Mencionaremos también las saturnales de la antigua Roma, de las cuales, por otra parte, parece derivar directamente el carnaval moderno, aunque a decir verdad ya solamente como un vestigio muy disminuido: durante esas fiestas, los esclavos mandaban a los amos y éstos les servían5; se tenía entonces la imagen de un verdadero mundo invertido”, donde todo, se hacía al revés del orden normal6. Aunque se pretenda comúnmente que había en esas fiestas una evocación de la “edad de oro”, esta interpretación es manifiestamente falsa, pues no se trata de una especie de “igualdad”, que podría en rigor considerarse como representación, en la medida en que las condiciones presentes lo permiten7, de la indiferenciación primera de las funciones sociales: se trata de una inversión de las relaciones jerárquicas, lo que es algo enteramente diverso, y tal inversión constituye, de modo general, uno de los caracteres más nítidos del “satanismo”. Hay que ver en ellas, pues, más bien algo que se refiere al. aspecto “siniestro” de Saturno, aspecto que ciertamente no le pertenece en cuanto dios de la “edad de oro”, sino, al contrario, en tanto que no es ya actualmente sino el dios caído de un período concluso8.
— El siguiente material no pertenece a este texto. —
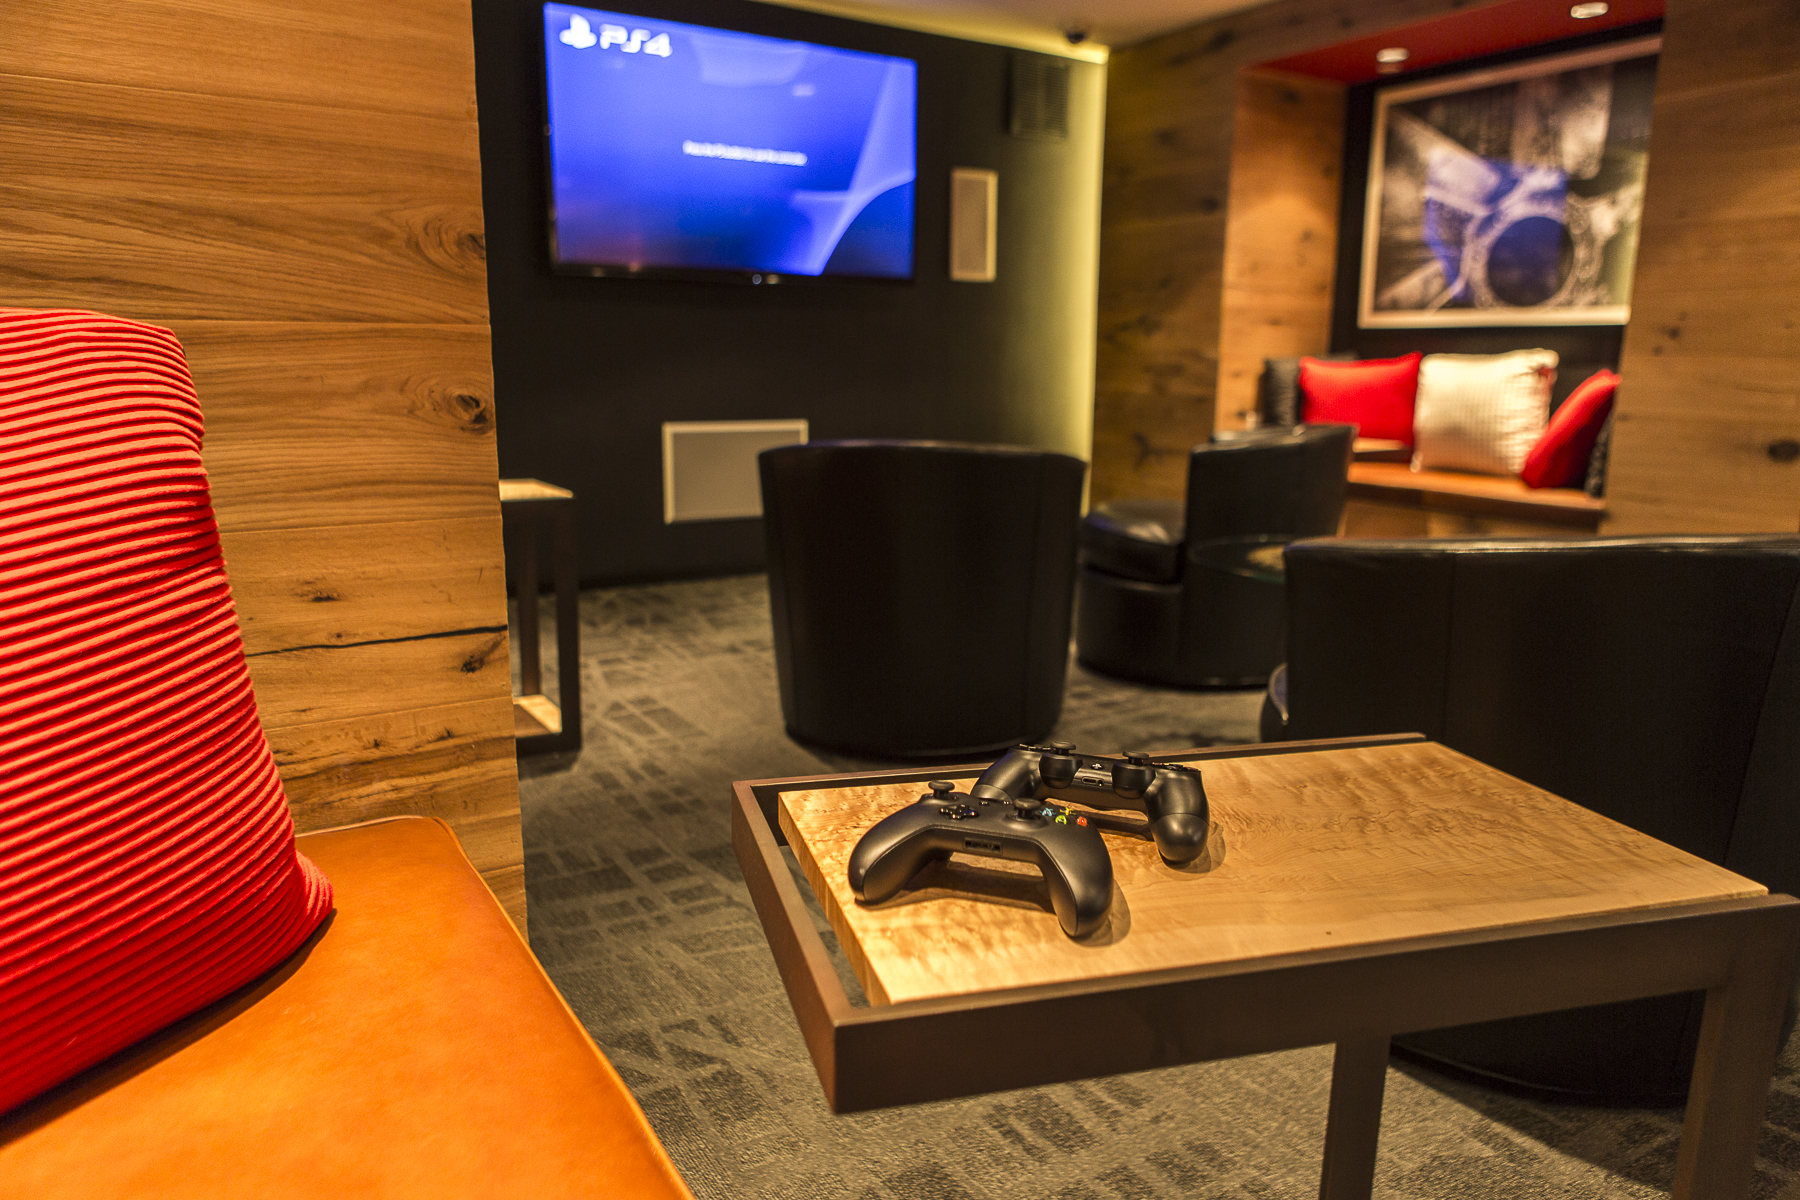 PLAY, a Game Room with both XBox One and PlayStation 4 consoles and a 70-inch flat screen

Se ve por estos ejemplos que en las fiestas de ese género hay invariablemente un elemento “siniestro” y aun “satánico”, y es de notar, muy particularmente, que precisamente este elemento mismo es lo que place al vulgo y excita su alegría: se trata, en efecto, de algo muy propio, más que cualquier otra cosa, para dar satisfacción a las tendencias del “hombre caído”, en cuanto estas tendencias lo llevan a desarrollar sobre todo las posibilidades más inferiores de su ser. Y precisamente en esto reside la verdadera razón de ser de tales fiestas: se trata, en suma, de “canalizar” en alguna forma esas tendencias y hacerlas lo más inofensivas posible dándoles ocasión de manifestarse, pero sólo durante períodos muy breves y en circunstancias bien determinadas, y asignando además a esa manifestación límites estrictos que no se le permite sobrepasar9. Si no fuera así, esas mismas tendencias, faltas del mínimo de satisfacción exigido por el estado actual de la humanidad, arriesgarían producir una explosión, si así puede decirse10, y extender sus efectos a la existencia entera, tanto colectiva como individual, causando un desorden muchísimo más grave que el que se produce únicamente durante algunos días expresamente reservados a ese fin, y además tanto menos temible cuanto que se encuentra por eso mismo como “regularizado”, pues, por una parte, esos días están como puestos fuera del curso normal de las cosas, de modo que no ejerza sobre éste ningún influjo apreciable, y empero, por otra parte, el hecho de que no haya nada de imprevisto “normaliza” en cierto modo el desorden mismo y lo integra en el orden total.

Además de esta explicación general, que es perfectamente evidente si se quiere reflexionar sobre ella, hay algunas observaciones útiles de realizar en lo que concierne más particularmente a las “mascaradas”, que desempeñan un papel importante en el carnaval propiamente dicho y en otras fiestas más o menos similares; y tales observaciones confirmarán lo que acabamos de decir. En efecto, las máscaras de carnaval son generalmente feas y evocan lo más a menudo formas animales o demoníacas, de suerte que constituyen como una especie de “materialización” figurativa de esas tendencias inferiores, y hasta “infernales”, a las cuales se permite entonces exteriorizarse. Por lo demás, cada uno elegirá naturalmente, entre esas máscaras, aquella que le convenga mejor, es decir aquella que represente lo que está más conforme con sus propias tendencias de ese orden, de modo que podría decirse que la máscara, a la cual se supone la función de ocultar el verdadero rostro del individuo, hace, al contrario, aparecer a los ojos de todos lo que él lleva realmente en sí, pero que debe habitualmente disimular. Es bien notar, pues ello muestra con más precisión aún el carácter de estos hechos, que hay así como una parodia de esa “reversión”** que, según lo hemos explicado en otro lugar11, se produce en cierto grado del desarrollo iniciático; parodia, decimos, y contrahechura verdaderamente “satánica”, pues allí esa “reversión” es una exteriorización, no ya de la espiritualidad, sino, muy al contrario, de las posibilidades inferiores del ser12.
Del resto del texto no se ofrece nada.